Laurence Alan Tisch (March 5, 1923 – November 15, 2003) was an American businessman, investor and billionaire. He was the CEO of CBS television network from 1986 to 1995. With his brother Bob Tisch, he was part owner of Loews Corporation.

Early life
Tisch was born March 5, 1923, in Brooklyn, New York, the son of Sadye (née Brenner) and Al Tisch. His father's parents had emigrated from Ukraine and his mother's parents from Poland. He was of Jewish descent. His father, a former All-American basketball player at the City University of New York, owned a garment factory as well as two summer camps which his wife helped him run.

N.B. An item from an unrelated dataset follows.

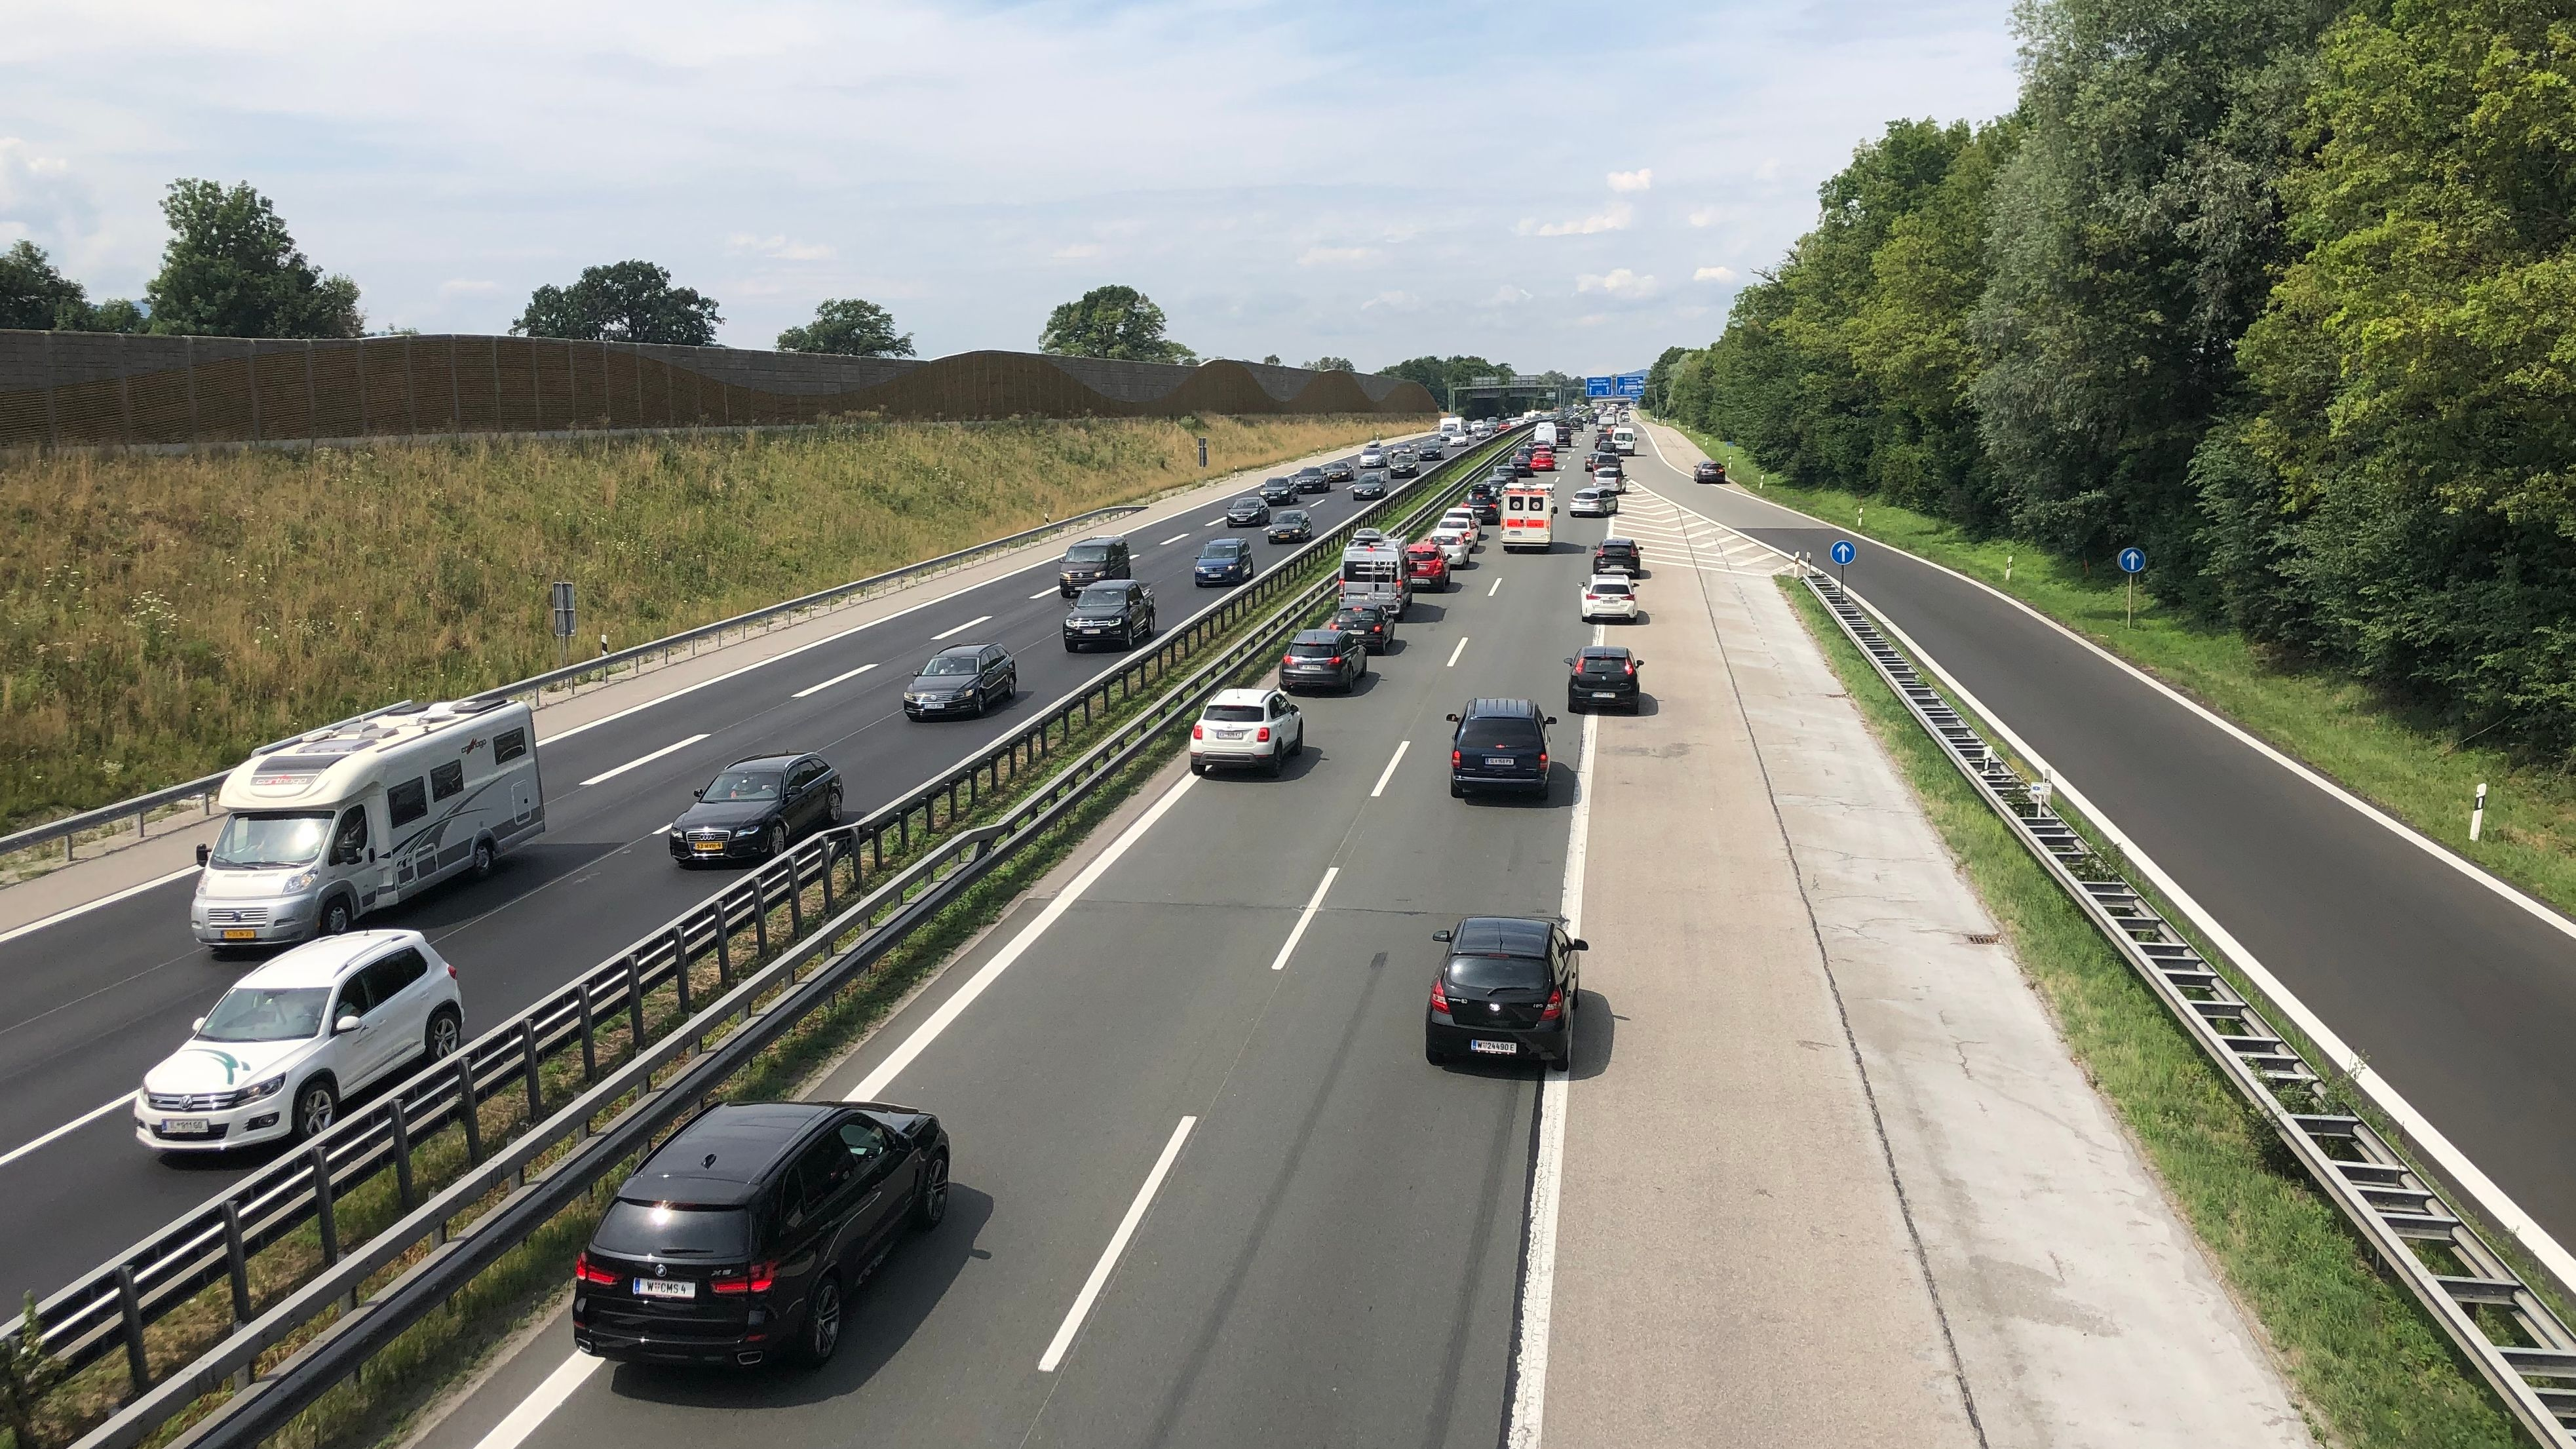 Der Reiseverkehr schiebt sich zähl über die A8 Richtung Süden am 27.07.2019

Education and early career
He graduated from New York University when he was just 18 and received a Penn Wharton MBA in industrial management by 20. In 1946, he made his first investment, purchasing a 300-room winter resort in Lakewood, New Jersey with $125,000 in seed money (roughly equivalent to $1.5 million at 2012 prices) from his parents. Two years later, his brother Bob joined him in the business, launching a lifelong partnership between the pair with Larry handling financial matters and Bob the overall management.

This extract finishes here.